2. Lithological and petrographic characteristics of Triassic carbonate reservoirs
2. 1 Lower Triassic deposits (T1)
The carbonate-terrigenous sequence of the Lower Triassic (T1), which lies at the base of the oil and gas complex, is composed of rhythmically interbedded siltstones, sandstones, mudstones, and limestones. Due to numerous ammonite finds in the carbonate-terrigenous sequence, the age of the carbonate-terrigenous sequence has been determined to be late Olenekian (Rabinovich, Palamar & Popkov 1983; Al-Obaidi, Hofmann & Kamensky 2010; Gurbanov 2004). The reservoirs (porous-fractured) are composed of arkosic sandstones with effective porosity from 8 to \(18 \%\), fracture permeability up to \(6.5 \times 10^{-3} \mu \mathrm{~m}^{2}\), and porous permeability from 0.1 to \(141 \times 10^{-3} \mu \mathrm{~m}^{2}\) (Kettanah 2003; Al-Obaidi, Patkin & Guliaeva 2003). The productivity of the stratum has been established at the Tasbulat and South Zhetybai fields and weak oil inflows have been obtained at the Uzen, West Tasbulat, and West Tenge fields. The sequence is absent within the Beke-Bashkuduk swell (the western part, in the areas of Saura and Segenda, and the eastern part of Sokko, Shalabai and Senek), the northern part of the Uzen uplift, in the southwest of the Zhetybay-Uzen step (northwestern Zhetybay, Pridorozhnaya), and in the North Karagiinskaya area (Fig. 1).
Figure 1. Mangyshlak Tectonic Scheme
2. 2. Middle Triassic deposits (T2)
The Middle Triassic deposits (T2) consist of a volcanic-carbonate grey-colored formation, which accumulated under the conditions of a marine brackish-water basin and humid conditions. The formation consists of three lithological layers (from bottom to top):
– volcanogenic-dolomitic;
– volcanogenic-limestone;
– volcanic-argillic.
A volcanic-dolomite layer lies on the underlying Lower Triassic. The composition of this rock is characterized by the wide development of oolitic-cloddy tuffs, tuffites, tuff mudstones, and clastic polydetrital limestones. Due to the development of carbonate rocks, which can be easily leached, reservoir properties such as effective porosity and permeability are high. It has a porosity of up to \(28 \%\) and a permeability of \(115 \times 10^{-3} \mu \mathrm{~m}^{2}\) (Kulumbetova, Nursultanova & Mailybayev 2019; Zholtayev & Kuandykov 1999; Kamensky & Al-Obaidi 2022).
The void space is represented by intra-form isolated pores formed as a result of calcite leaching. The inter-formal space is filled with clear-crystalline calcite.

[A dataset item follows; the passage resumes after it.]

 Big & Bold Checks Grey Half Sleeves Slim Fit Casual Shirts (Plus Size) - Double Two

Immediately above the section is a volcanogenic limestone sequence, consisting of limestones with rare interlayers of dolomites, tuffites, tuff sandstones, mudstones and siltstones. The limestones are highly bituminized, which causes the black color of the rocks. There is a significant reduction in reservoir properties due to the widespread development of tuffaceous rocks.

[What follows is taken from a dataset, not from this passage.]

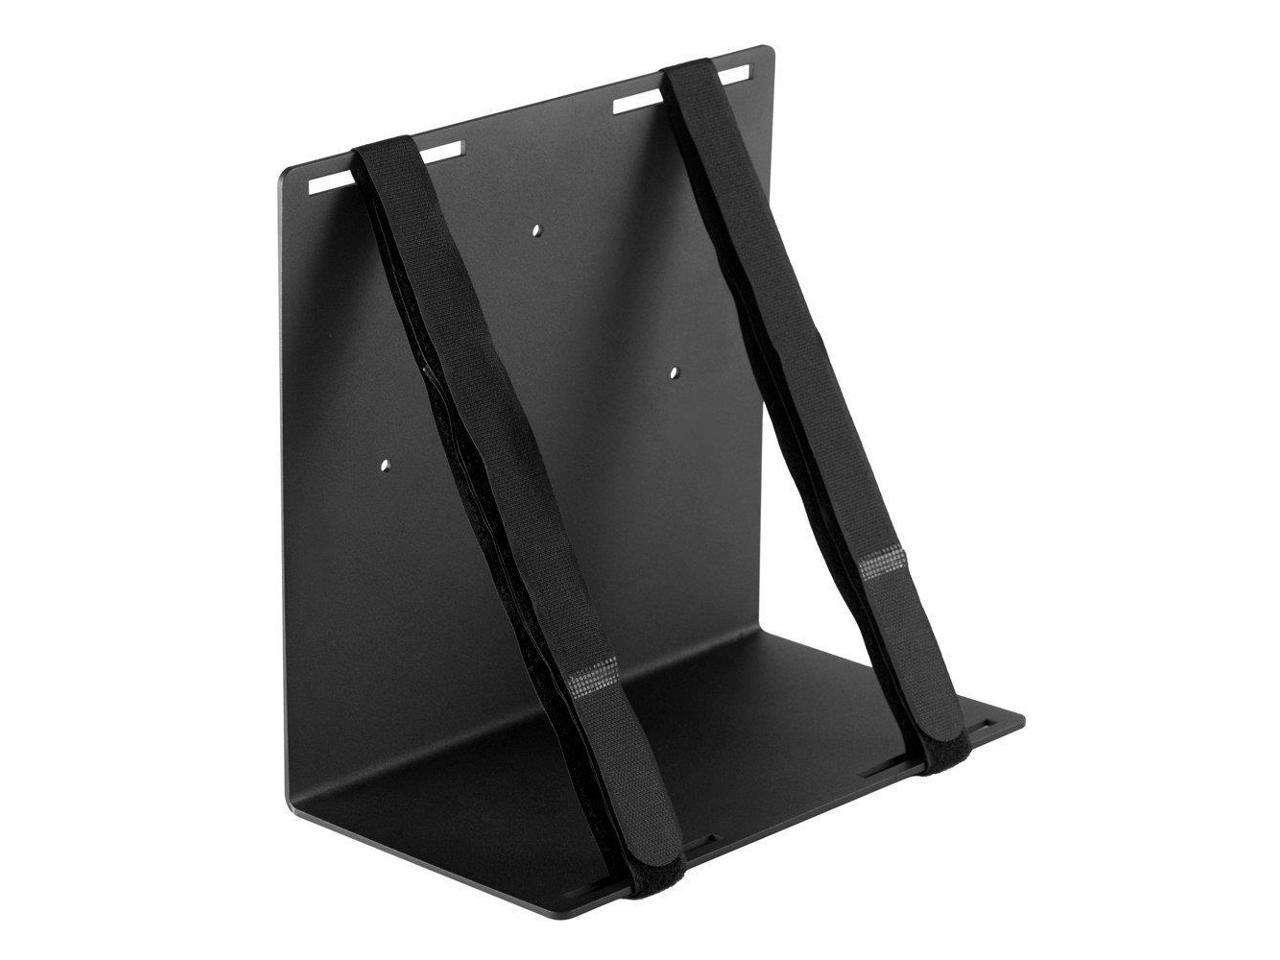 Oeveo Universal Mount 600-10H x 6W x 10D | Adjustable Computer Wall Mount, UPS Mount, or Other Electronic Device Mount UNVM-600 - Click Image to Close

The upper part of the Middle Triassic section - volcanogenic-argillite sequence is composed mainly of mudstones with an admixture of tuffaceous material and thin interlayers of carbonate rocks (lower part) and siltstones (upper part). The rocks are characterized by low reservoir properties and are often taken as a seal for hydrocarbon deposits confined to the carbonate layer (Galkin et al. 2005; Kurmanov 1999).
Upper Triassic deposits (T3)
There is a coarse-grained unit at the base of the stratum with a thickness of 40 to 70 m with the following reservoir properties; effective porosity up to \(20 \%\), permeability of \(10 \times 10^{-3} \mu \mathrm{~m}^{2}\) (Windley et al. 2007; Al-Obaidi 2016). The overlying part of the section is composed of inequigranular tuff sandstones, tuff siltstones, and tuff mudstones (Kiritchkova & Nosova 2014).

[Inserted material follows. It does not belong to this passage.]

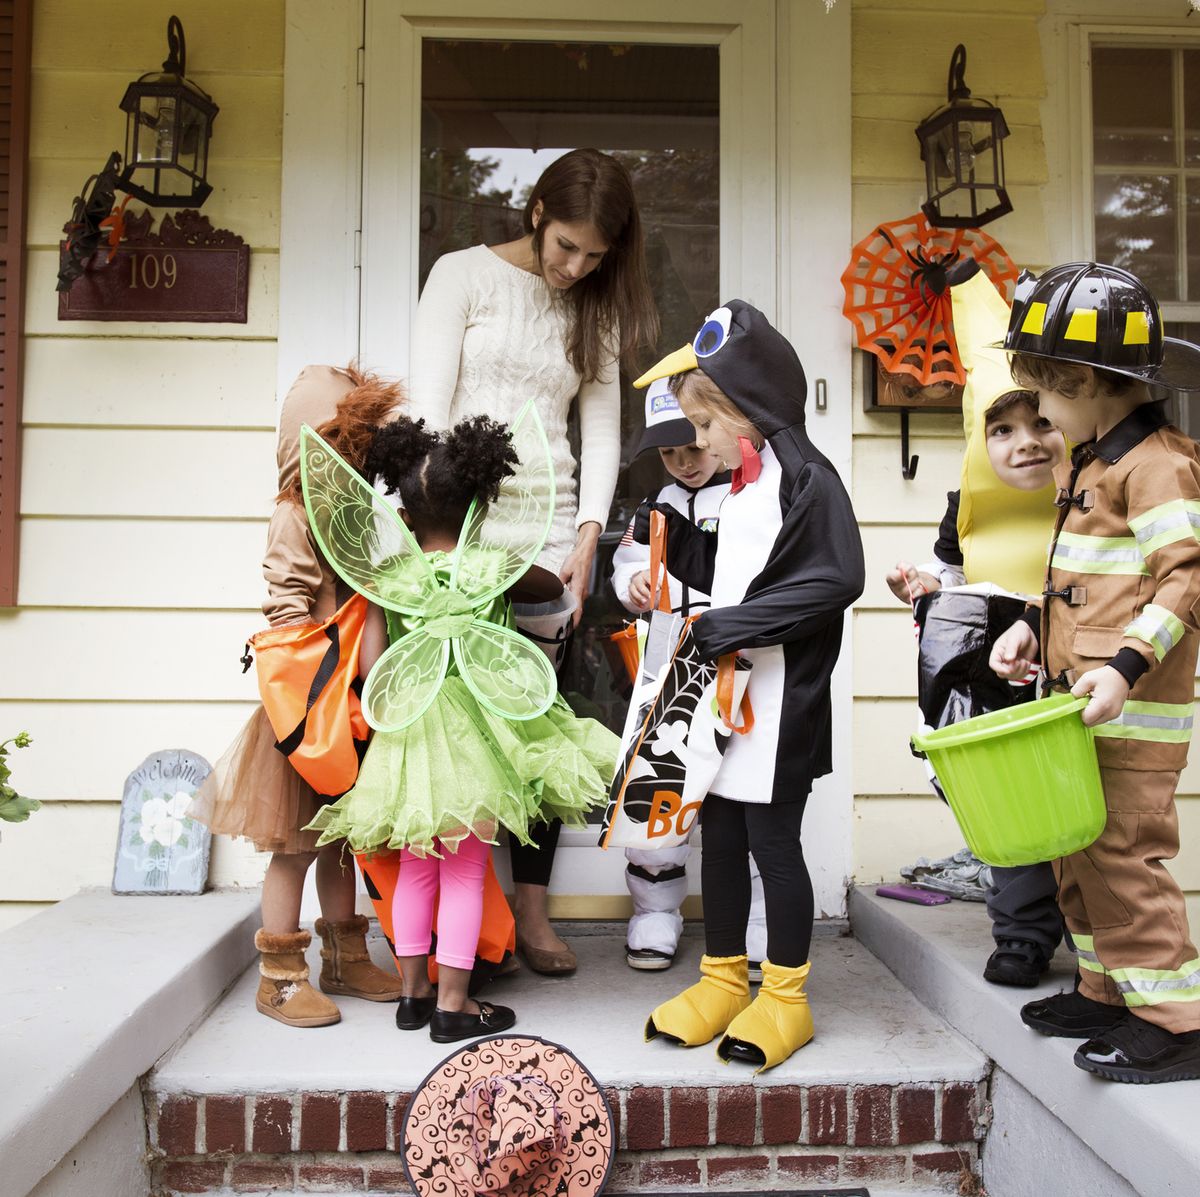 What Is Halloween? Origins, Meaning, and Traditions

The total thickness of the Middle Triassic deposits within the South Mangyshlak reaches \(600-650 \mathrm{~m}\) (Qin et al. 2015; Smirnov & Al-Obaidi 2008).
3. Methodology and materials
To assess the boundary values, studies were carried out on the selected core in the period 2010-2019 (Shilanov 2018; Gaafar, Tewari & Zain 2015; Hofmann, Al-Obaidi & Kamensky 2021). General information on sampling for the core studies is presented in Table 1.
To assess the boundary values of porosity and permeability properties, a 2-phase flow unit was used, the main elements of which are:
1. Vertically positioned core holder designed for core samples with a diameter of \(1 \tfrac{1}{2}\) inches and a length of 12 inches.
2. Vertically positioned X-ray system for continuous core scanning and realtime determination of water-oil saturation.
3. A set of precision pumps and temperature sensors for fluid flow under thermobaric conditions.
4. Transducer module for differential pressure detection.
Table 1. Detailed information on selected samples
3. 1. Preparation of core samples
The preparation of core samples for experimental studies included several stages.
Stage 1: Drilling samples with a diameter of \(1 \tfrac{1}{2}\) inches were collected from the working part of the sawn core.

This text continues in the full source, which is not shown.